Disney posted results for his last quarter late Tuesday, and for the first time included a line item for his cross-country direct consumer business. Today, the department consists of Disney's interests in Hulu and BAMTech, its international channels and the ESPN + sports streaming service released in April last year. These assets generated revenues of $ 918 million – just 6 percent of Disney's total sales – and lost $ 136 million in the period, mainly due to the cost of investing in streaming. But in the end, this business will be led by Disney +, the company's soon-to-come version of Netflix.
While Disney + does not start before the end of 2019, there has already been a lot of buildup. The fact that a company that is as powerful as Disney and so thorough and reticent with its plans goes into the streaming wars is enough to alert competitors before anyone sees a prototype of the app. More importantly, a welcome shift in feelings for Disney has begun. The company's stock had fallen behind the market-based market in recent years, including a decline in the display of some of its TV networks, a trend that hurts advertising advertising, which is traditionally part of the lifeblood of a media company.
This is not Disney's first crack in streaming. It is a small branded product in the UK, called DisneyLife, which has served as a testing environment for Disney streaming strategy since 2015. CEO Bob Iger has previously discussed DisneyLife's experience, such as the technical complexities of running the service on various devices and operating systems, and the importance of getting the subscription price right.
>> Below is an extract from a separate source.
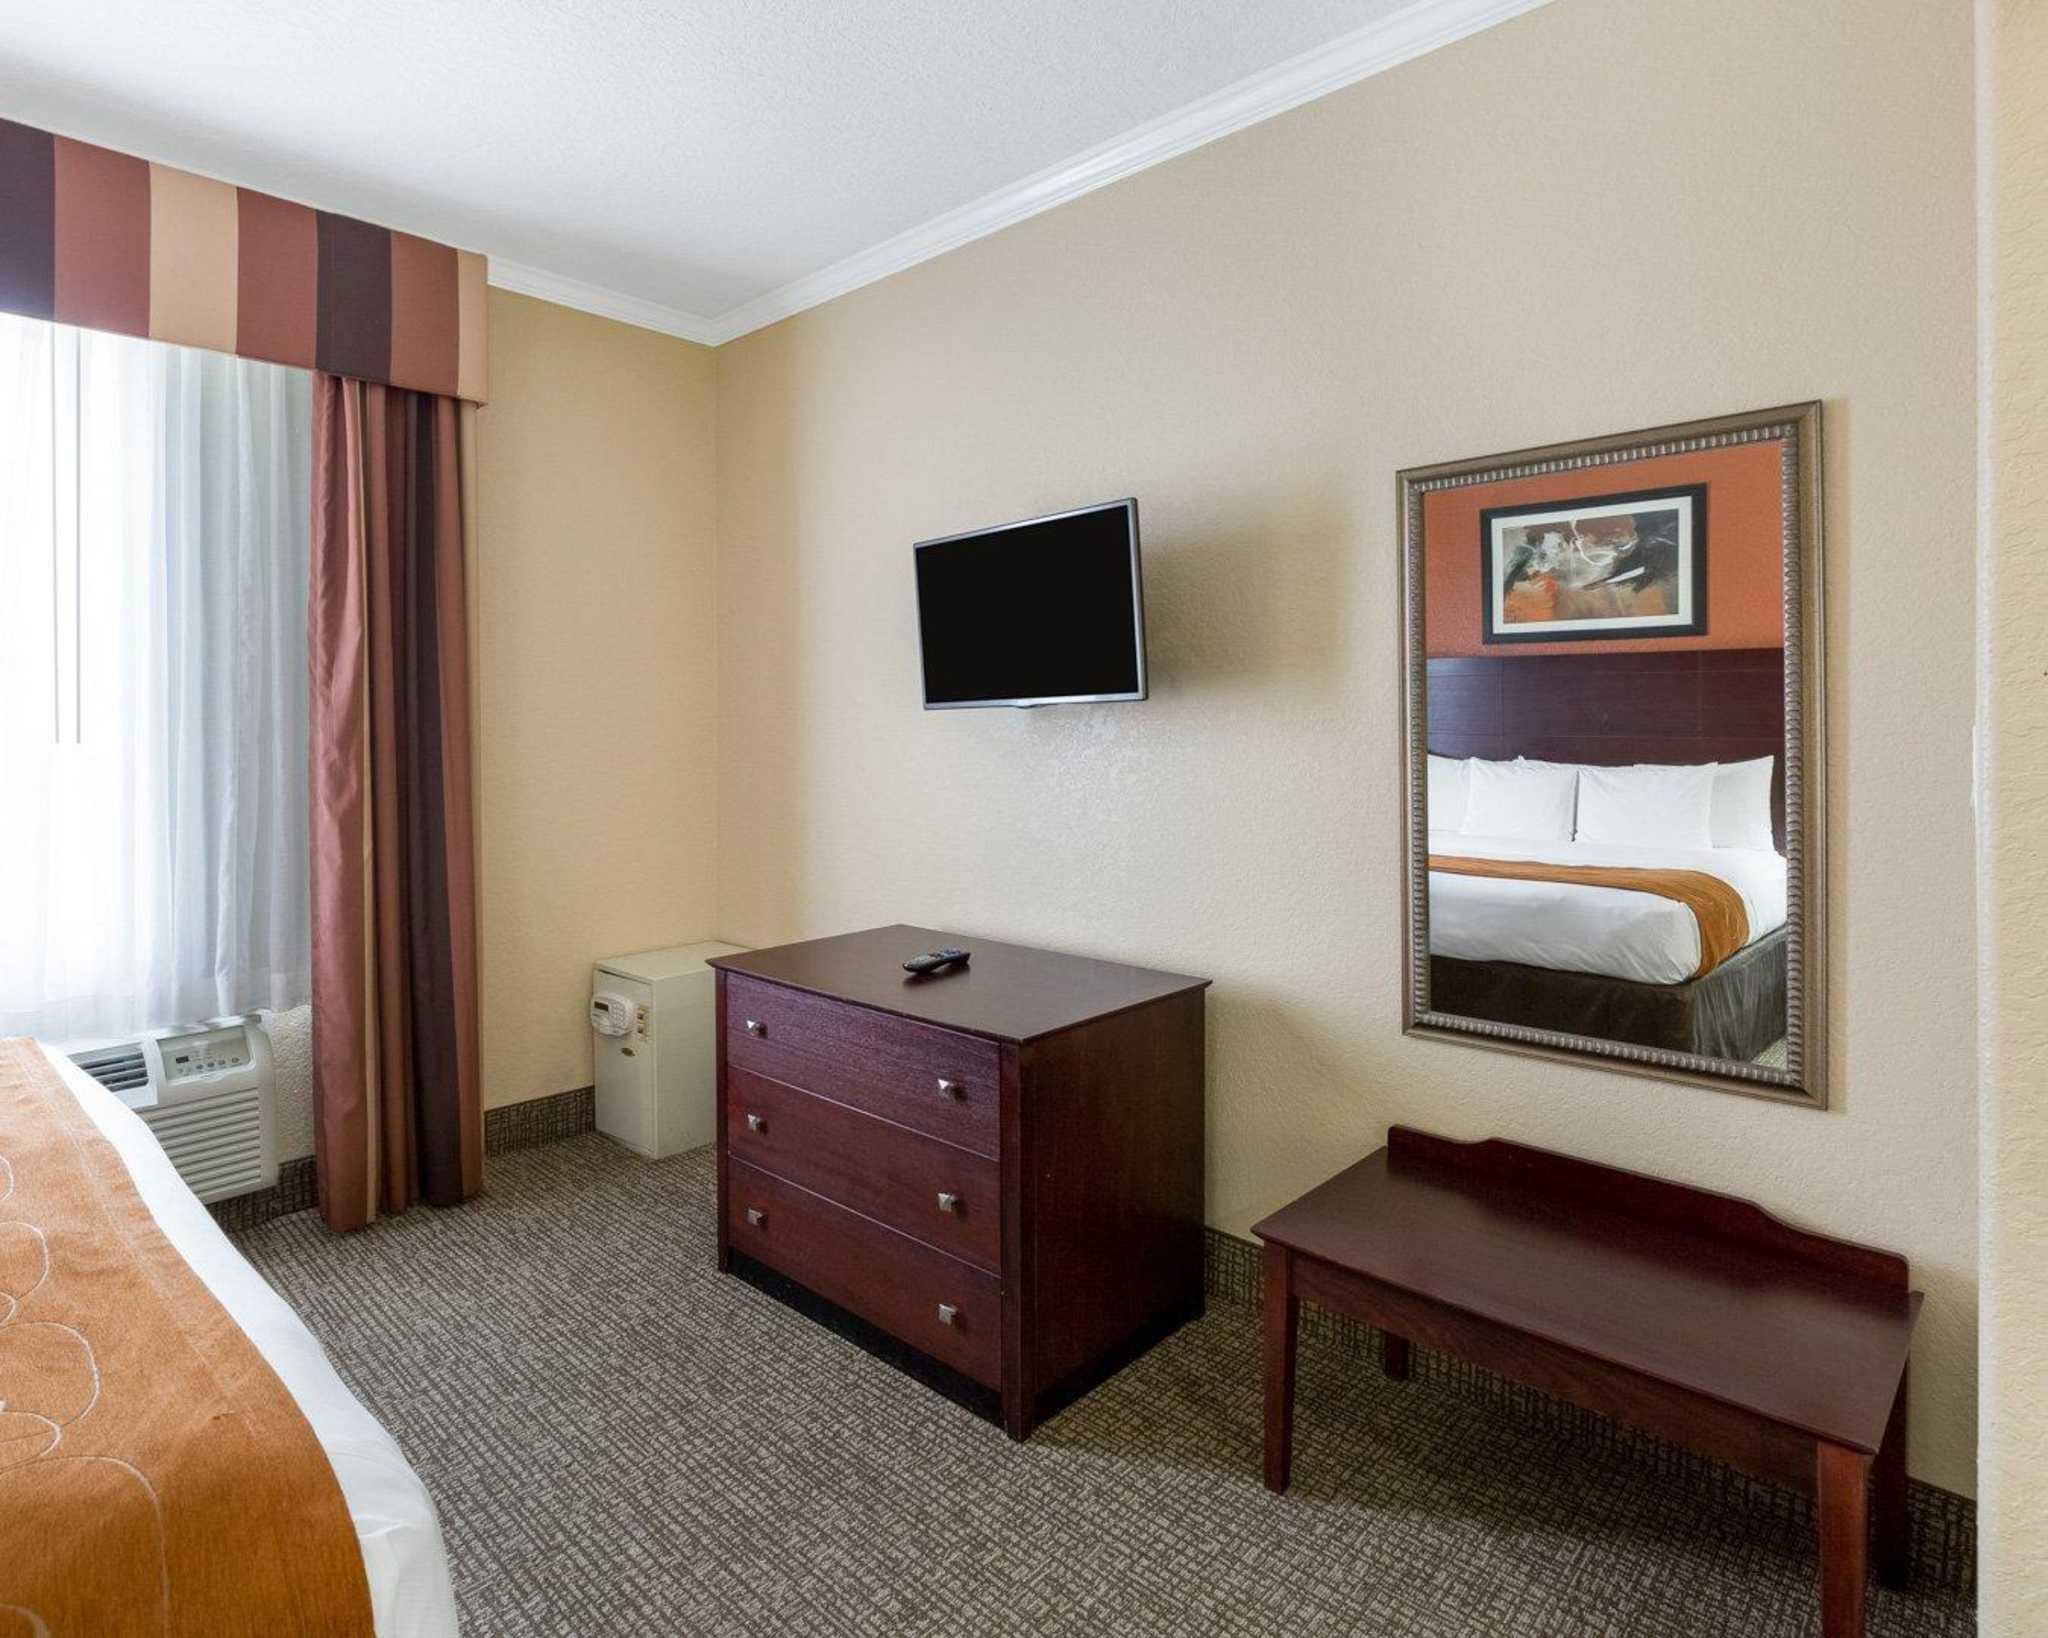 Comfort Suites image 36

Finally, this experience has led to the acquisition of Disney's stake in BAMTech, a streaming technology company, because Iger acknowledged that the team had the technological know-how Disney lacked.
All this helps put the investor's confidence that the company is taking the right approach with the Disney + app, but it is still seeing how the direct consumer business will affect Disney as a whole. As I said in November, a streaming service will complicate decisions, including where to move specific content and concentrate resources. It can bring excitement over the Disney Empire at a time when the company seizes the disruptive integration of its $ 71 billion acquisition of 21st Century Fox Inc.'s movie and TV entertainment opportunities while trying to sort out a success plan for Again, that's 68 this month.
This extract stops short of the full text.